Here is a more-or-less comprehensive list of Environment Agency flood-related datasets that have been approved for commercial re-use, with links to metadata.

It’s important to make a distinction between the core flood risk datasets (NaFRA, the Flood Map, etc.) and the “live” datasets. The former group describes the usual modelled risk of flooding in different geographic locations, and the latter group describes individual flood events as they develop. The potential applications for those two groups of datasets, and the barriers to open data release, are somewhat different.

#Floodhack was orientated around emergency response and focused almost entirely on live flood event data. However the management of flood risk is an ongoing problem that cuts across society and the economy.
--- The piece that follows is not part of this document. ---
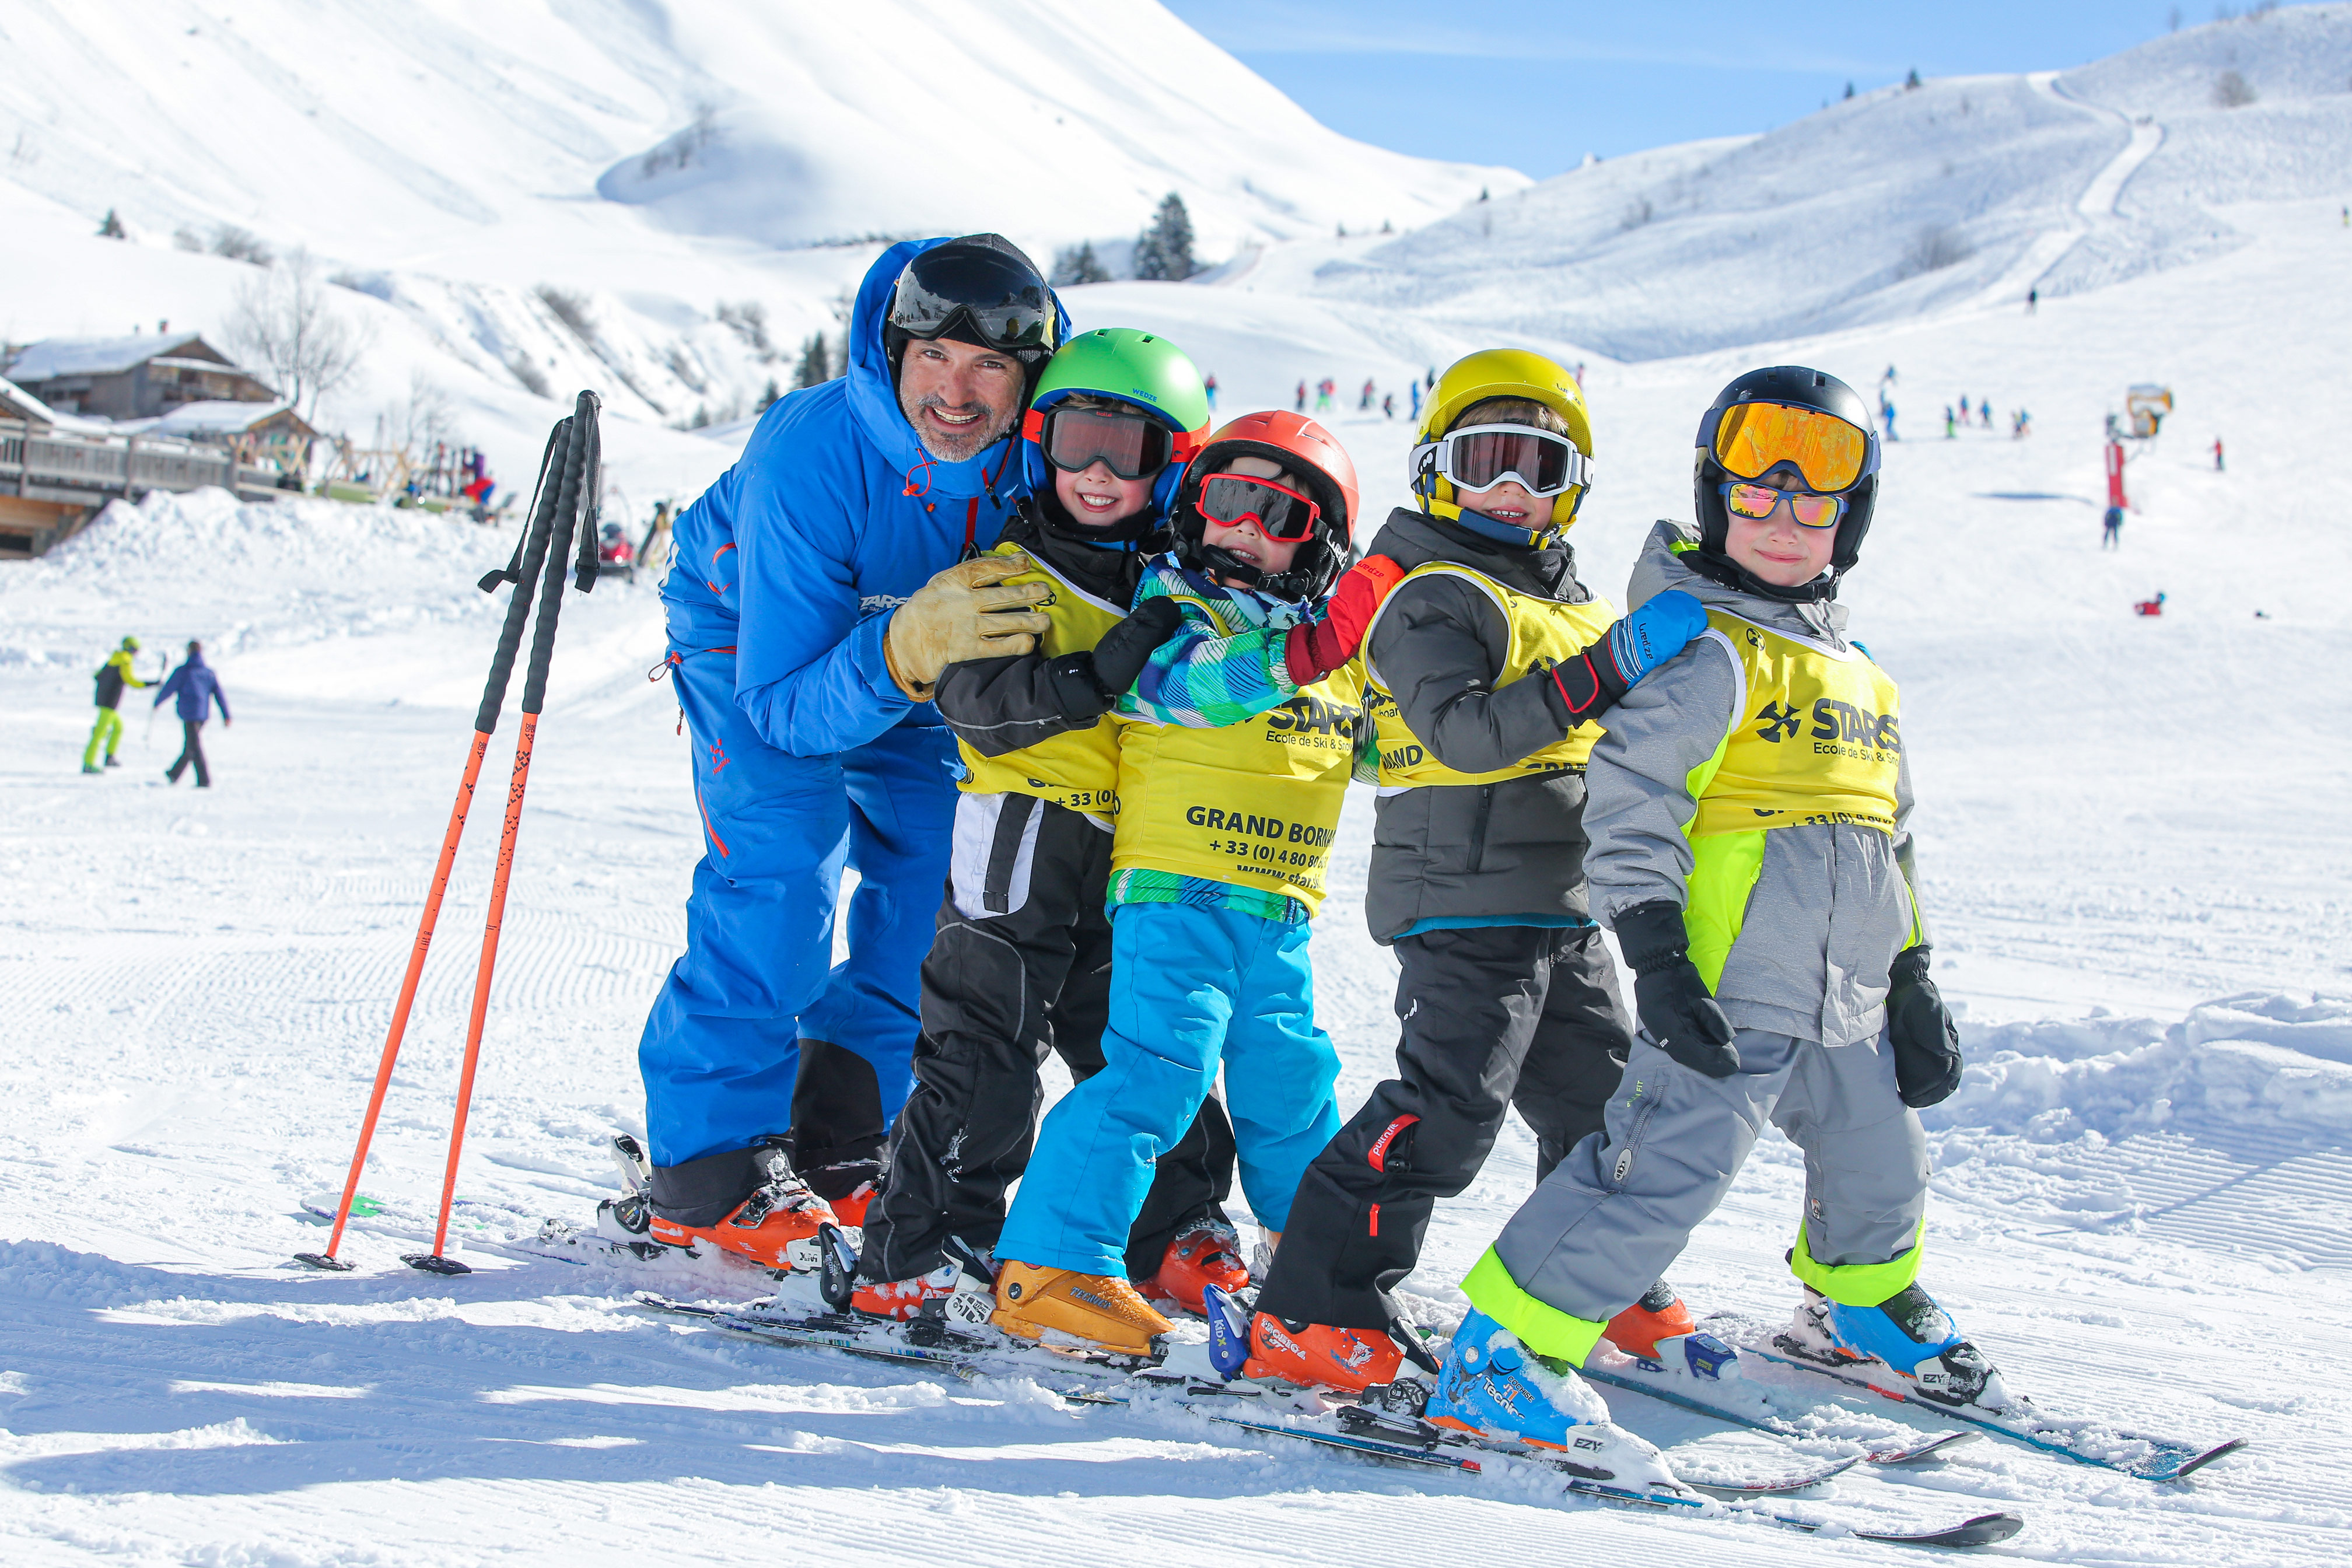 Oxygene's children group ski lessons

One of the weaknesses of flood management policy, from all the main political parties, has been the tendency to lose interest in flood risk once it is out of the headlines.

We need to sustain interest in the reuse of open data to help the public understand and participate in the management of flood risk in our communities, beyond the current crisis. That means unlocking the EA’s core flood risk datasets, not just river levels and other live feeds.

It’s not all about the Environment Agency

Flood data, and responsibilities for the production of that data, is a complex subject regardless of the licensing. Some of the EA datasets include third-party data (though for the core risk datasets at least this should not present an insurmountable barrier to open data release).

More significantly, many of the datasets cover both England and Wales. In April 2013 the EA’s responsibility for Wales was devolved to a new body, Natural Resources Wales. Although commercial licensing of datasets that cover both countries is still handled by the EA, a change in the licensing status for those datasets would have to be agreed by both bodies.

Flood data for Scotland and Northern Ireland is a separate issue. The main data publishers are the Scottish Environment Protection Agency (SEPA) and the Rivers Agency (NI) respectively.

For some types of flood risk, mapping and the maintenance of data is the responsibility of lead local flood authorities (usually councils) or water companies.

The Centre for Ecology & Hydrology also holds related data, including the National River Flow Archive and data from monitoring of aquifer levels. The British Geological Survey maintains an important dataset on susceptibility to groundwater flooding.

Mapping of the river network, which will be essential to many uses of flood data, is primarily the responsibility of Ordnance Survey. The OS MasterMap Networks - Water Layer product is currently in beta. That would be an ambitious target for open data release. However at minimum any credible package of open flood data would need to include a generalised spatial dataset with attributed centrelines for the river network.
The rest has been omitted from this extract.